Note: strtok() is not thread safe, OK to fix that later anyway.

> +    effect = sox_create_effect(sox_find_effect(effect_str));
> +    if (!effect) {
> +        av_log(ctx, AV_LOG_ERROR, "No such sox effect: '%s'.\n", effect_str);
> +        return AVERROR(EINVAL);
> +    }
> +
> +    while (args[++nb_args] = strtok(NULL, " ")) {
> +        if  (nb_args >= MAX_EFFECT_ARGS-1) {
> +            av_log(ctx, AV_LOG_ERROR, "Too many arguments for sox effect'%s'.\n", effect_str);
> +            return AVERROR(EINVAL);
> +        }
> +    }
> +    if ((err = sox_add_effect(sox->chain, effect, signal, signal)) != SOX_SUCCESS) {
> +        av_log(ctx, AV_LOG_ERROR, "Sox error: '%s'.\n", sox_strerror(err));
> +        return AVERROR(EINVAL);
> +    }
> +    if (nb_args >= 0)
> +        err = sox_effect_options(effect, nb_args, args);
> +    else
> +        err = sox_effect_options(effect, nb_args, NULL);

nb_args >= 0 ? args : NULL

> +    if (err != SOX_SUCCESS) {
> +        av_log(ctx, AV_LOG_ERROR, "Sox error: '%s'.\n", sox_strerror(err));
> +        return AVERROR(EINVAL);
> +    }
> +
> +    return 0;
> +}
> +
> +static int config_input(AVFilterLink *link)
> +{

I find "inlink" in place of "link" usually much more useful when
reading/debugging code.

> +    AVFilterContext *ctx = link->dst;
> +    SoxContext *sox = ctx->priv;

> +    sox_effects_chain_t * chain;

Nit++: *chain

> +    sox_effect_t *e = NULL;
> +    sox_encodinginfo_t *enc = av_malloc (sizeof(sox_encodinginfo_t));
> +    sox_signalinfo_t *in_signal_info = av_malloc (sizeof(sox_signalinfo_t));
> +
> +    char *token = NULL, param[32], *ioargs[] = {param};
> +    char *cpargs = av_strdup(sox->sox_args);
> +    int err = 0;
> +
> +    memset(enc, 0, sizeof(sox_encodinginfo_t));
> +    memset(in_signal_info, 0, sizeof(sox_signalinfo_t));
> +
> +    enc->encoding = SOX_DEFAULT_ENCODING;
> +    enc->bits_per_sample = 32;
> +

> +    if (link->format != SAMPLE_FMT_S32) {
> +        av_log(link->dst, AV_LOG_ERROR,
> +               "Sox needs signed 32-bit input samples, insert resample filter.");
> +        return AVERROR(EINVAL);
> +    }

can this happen, assuming that the negotiation already took place?
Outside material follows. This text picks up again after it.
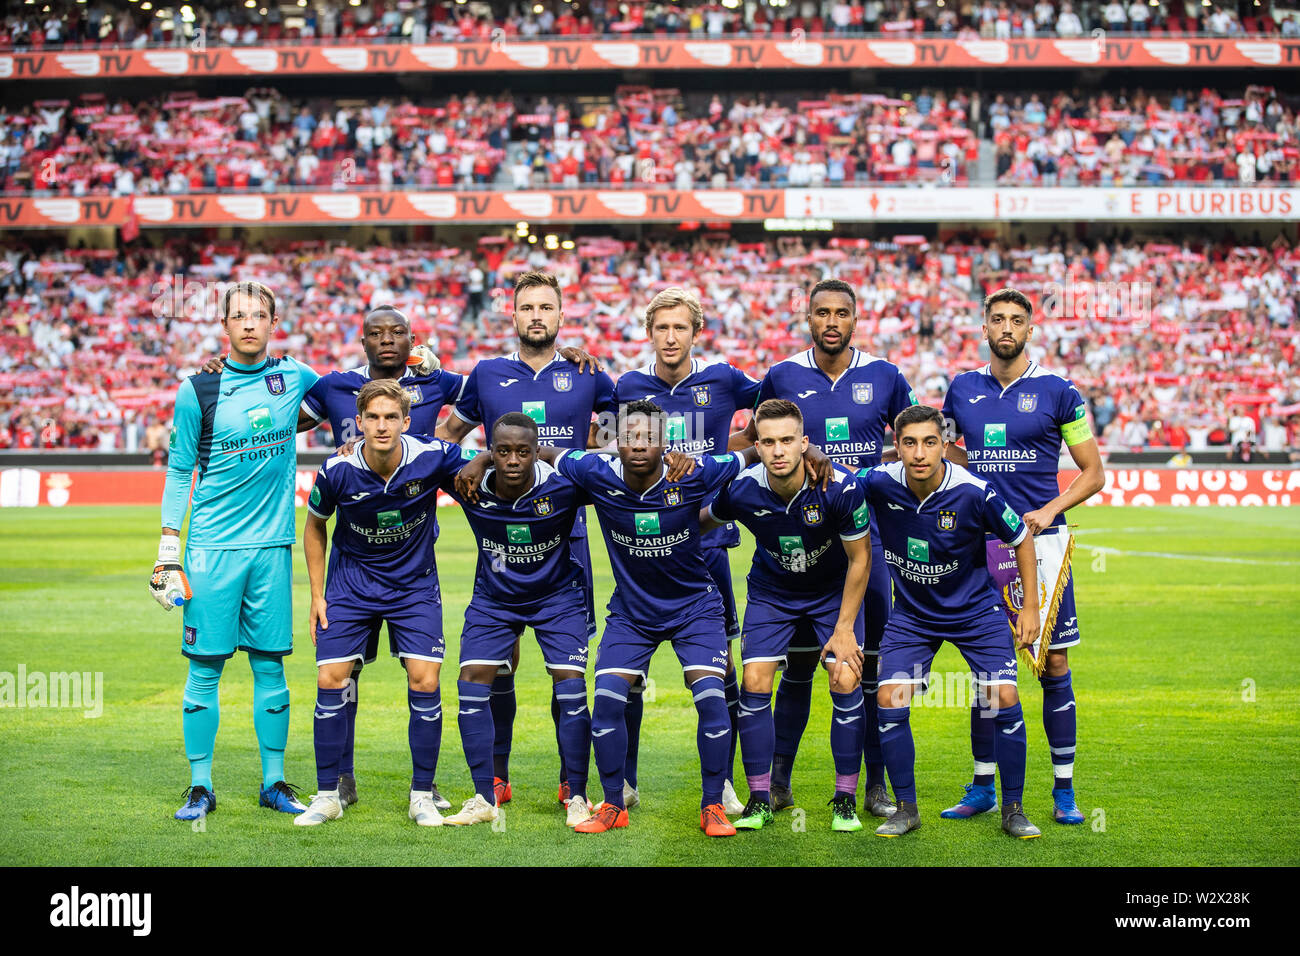 1,530 Anderlecht V Ohl Jupiler League Photos & High Res Pictures

If
not then it's safe to remove this check.

> +    // store channel layout and number of channels, insert resample filter to keep this constant.
> +    sox->ch_layout   = link->channel_layout;
> +    sox->sample_rate = link->sample_rate;
> +    sox->nb_channels = in_signal_info->channels =
> +                       avcodec_channel_layout_num_channels(link->channel_layout);
> +    in_signal_info->rate = (double) sox->sample_rate;
> +    in_signal_info->precision = 32;
> +
> +    if ((err = sox_init()) != SOX_SUCCESS) {

> +        av_log(ctx, AV_LOG_ERROR, "Sox error: '%s'.\n", sox_strerror(err));
> +        return AVERROR(EINVAL);

all these warnings and return can be factorized:
if (err)
    goto fail;

fail:
    ...

(that's one of the cases where the goto construct is considered
useful, in spite of Dijkstra and computer science professors).

> +    }
> +
> +    chain = sox_create_effects_chain(enc, enc);
> +    sox->chain = chain;
> +
> +    snprintf(param, sizeof(param), "%ld", (long int)sox);
> +    // set up the audio buffer source as first effect of the chain.
> +    e = sox_create_effect(input_handler());
> +    if ((err = sox_add_effect(sox->chain, e, in_signal_info, in_signal_info)) != SOX_SUCCESS) {
> +        av_log(ctx, AV_LOG_ERROR, "Sox error: '%s'.\n", sox_strerror(err));
> +        return AVERROR(EINVAL);
> +    }
> +    if ((err = sox_effect_options(e, 1, ioargs)) != SOX_SUCCESS) {
> +        av_log(ctx, AV_LOG_ERROR, "Sox error: '%s'.\n", sox_strerror(err));
> +        return AVERROR(EINVAL);
> +    }
> +
> +    token = strtok (cpargs, ":");
> +    while (token) {
> +        if ((err = add_effect_and_setopts(ctx, token, in_signal_info))) {
> +            av_log(ctx, AV_LOG_ERROR, "Invalid sox argument: '%s'.\n", token);
> +            return err;
> +        }
> +        token = strtok (NULL, ":");
> +    }
> +
> +    e = sox_create_effect(output_handler());
> +    if ((err = sox_add_effect(sox->chain, e, in_signal_info, in_signal_info)) != SOX_SUCCESS) {
> +        av_log(ctx, AV_LOG_ERROR, "Sox error: '%s'.\n", sox_strerror(err));
> +        return AVERROR(EINVAL);
> +    }
> +    if ((err = sox_effect_options(e, 1, ioargs)) != SOX_SUCCESS) {
> +        av_log(ctx, AV_LOG_ERROR, "Sox error: '%s'.\n", sox_strerror(err));
> +        return AVERROR(EINVAL);
> +    }
> +    av_free(cpargs);
> +    return 0;
> +}

[...]

Regards.